Panic and Withdrawals
The problem is now that there's a real loss among stablecoin lenders for those who were lending to xUSD-collateralized borrowers, and for those who straight up held xUSD, there's some panic to withdraw from other markets — a realization that there's some real risk, even though nearly all of these existing isolated markets have zero exposure to the damage from xUSD. Nearly all these loopers can unwind positions safely. And as they do, certain lenders might choose to withdraw for whatever reason they have (fear, panic, worry over contagion).
The Unwind Begins
So with that desire to exit other markets, there's a demand that suddenly cannot be met without borrowers paying back their debt — but with so much looping, many of the largest lenders are also borrowers, because they were looping too. That means we will simply see more market participants, including curators who are running their own liquid strategies, unwind their looped stablecoin positions. In order for that to happen, interest rates had to spike on many of these isolated markets to scare loopers and incentivize them out of their positions.
My Own Experience
I woke up this morning to a few of my own looped-up positions, which although they were safe and unexposed to any of the xUSD debacle, the markets were suddenly 100% utilized because other lenders have withdrawn excess stablecoin liquidity to either exit completely or move to other markets. For someone like me in a looped PT-stablecoin position, it's not a big deal — just means my looping is no longer profitable as I earn 15-20% fixed on collateral while borrowing at 30-40% in debt. So I'll unwind it by withdrawing PT collateral, swapping back to USDC, paying back my USDC, withdrawing more PT collateral, etc. As I do so, it will free up capital for lenders to withdraw, even though I'm a small fish in a big pond.

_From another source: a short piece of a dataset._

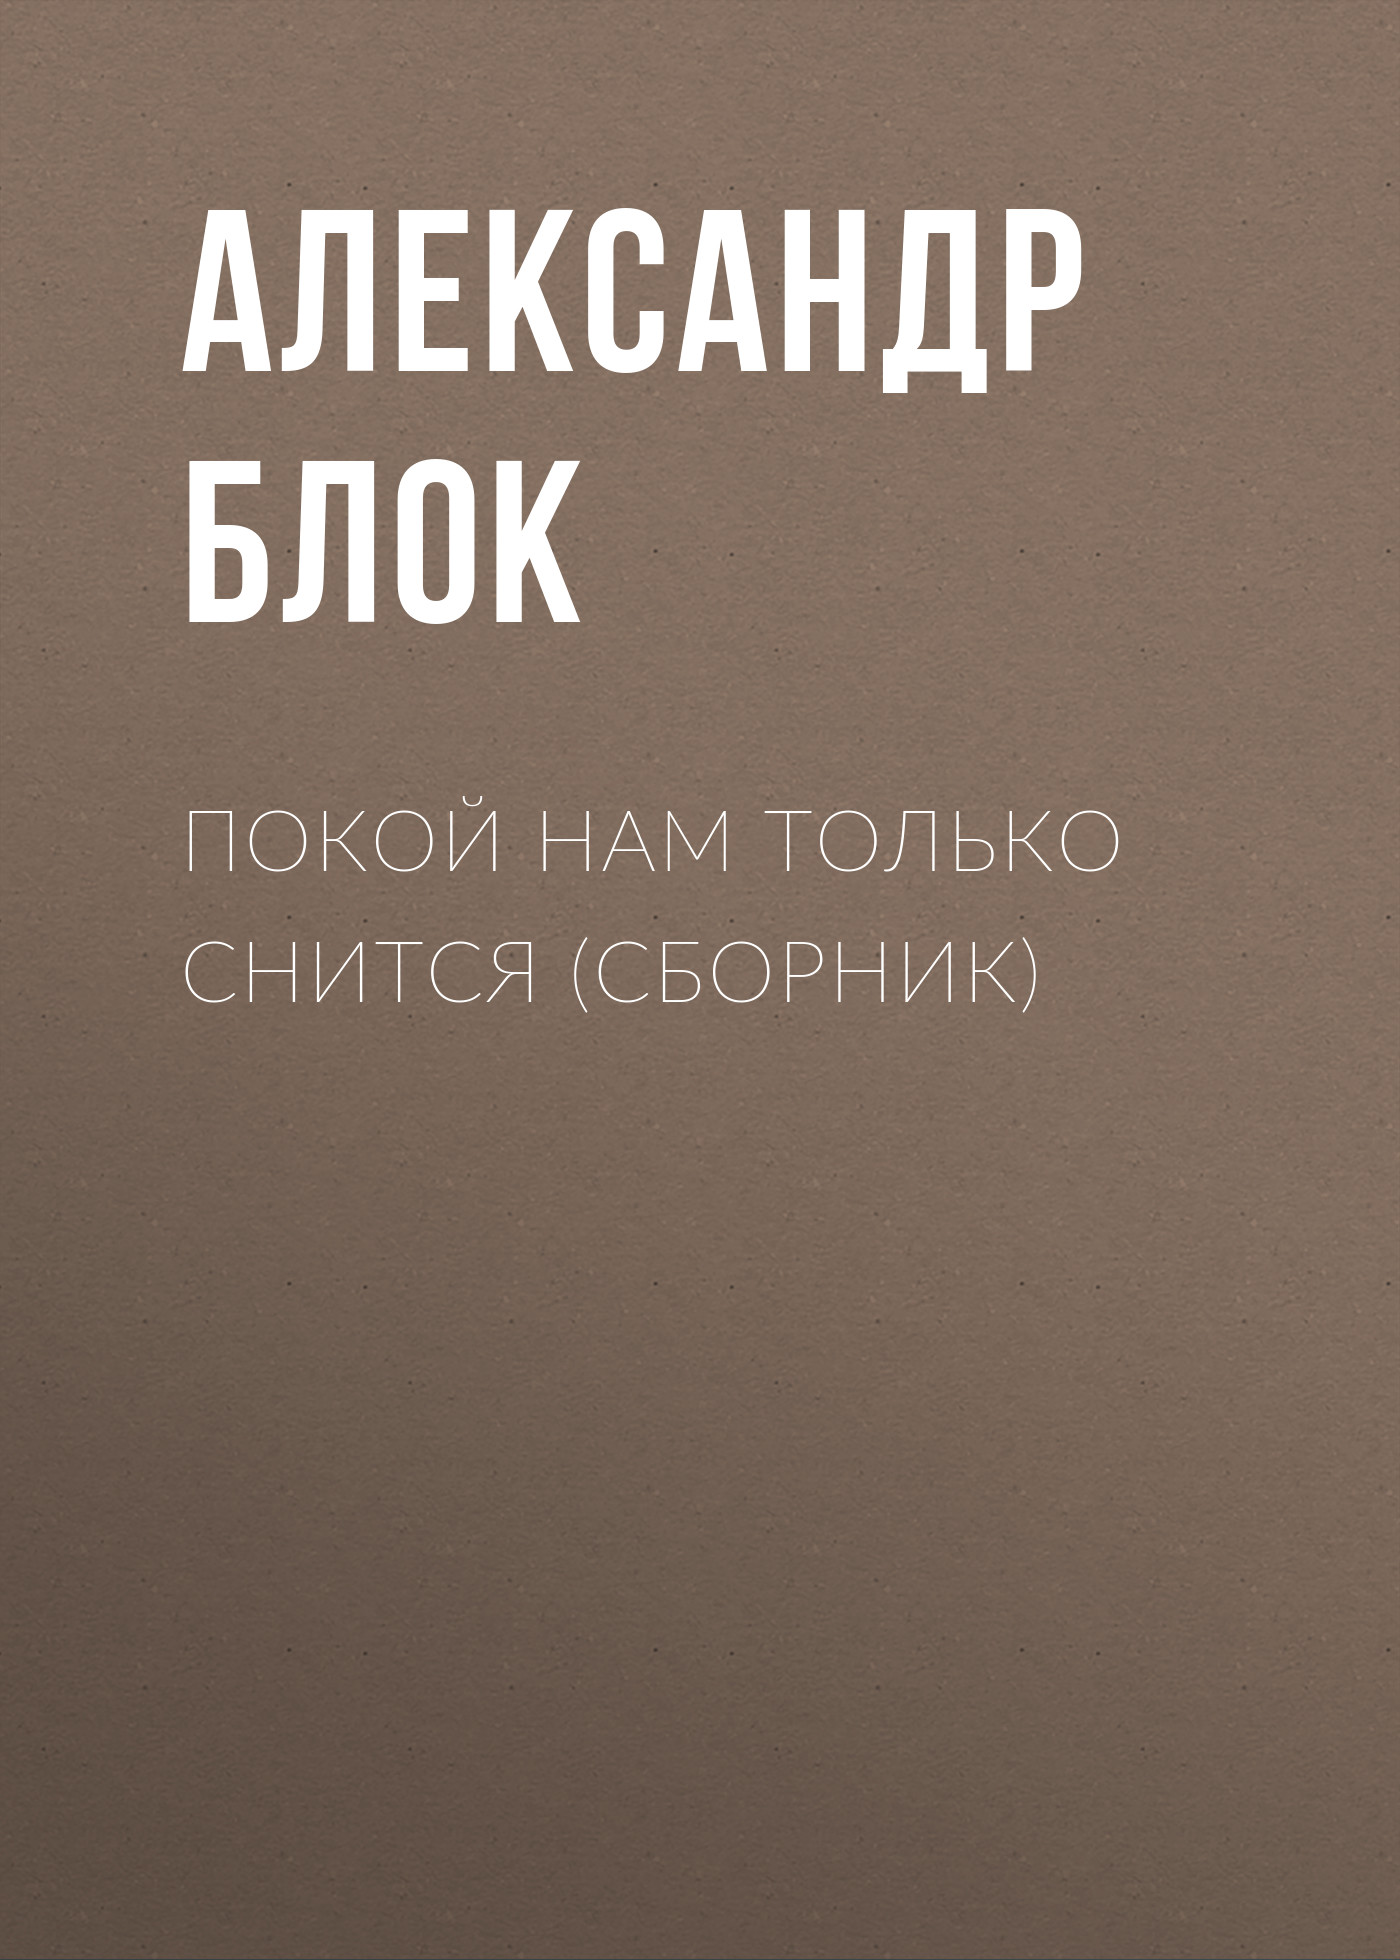 Александр Блок Покой нам только снится (сборник) александр блок балаганчик

There's nothing to stop me from unwinding right now; it just takes a few minutes of effort. My guess is bigger money is doing the same thing because there's no more certainty that rates will return back down and the same liquidity will generously be allocated by MMs/curators to sustain lower interest rates in these curated markets.
We Are Still Better Off Than Last Cycle
I am optimistic that we have come a long way since 2021/2022 and despite a number of blow-ups yet to surface from Oct 10th and the lost money from this xUSD meltdown, a lot of this is relatively safe stablecoin leverage that was flying high due to mispriced borrowing rates — and so now it needs to unwind a bit. My advice is if you're not 100% certain of what you're lending to or exposed to, or you just have trouble sleeping on any exposure, just unwind it and exit. I exited leveraged PT looping in profit. If you looped up with locked-in higher PT rates, that's a consideration too, but for the most part, there's always more Pendle PT lending opportunities so exiting now shouldn't weigh too much on you.
Final Thoughts
At the end of the day, this isn’t the same kind of contagion we saw in 2022 — it’s a market self-correcting after a year of mispriced risk. The tools worked. The systems held. What’s happening now is a healthy flush of over-leveraged yield chasing. If you’re uncertain, unwind and sleep better — but remember, DeFi always rebuilds stronger, and smarter, with each cycle.
Note: I normally edit my thoughts more carefully but for once, I’m just publishing my more unfiltered thoughts on this situation still unfolding. It’s not a nothing-burger but DeFi is working.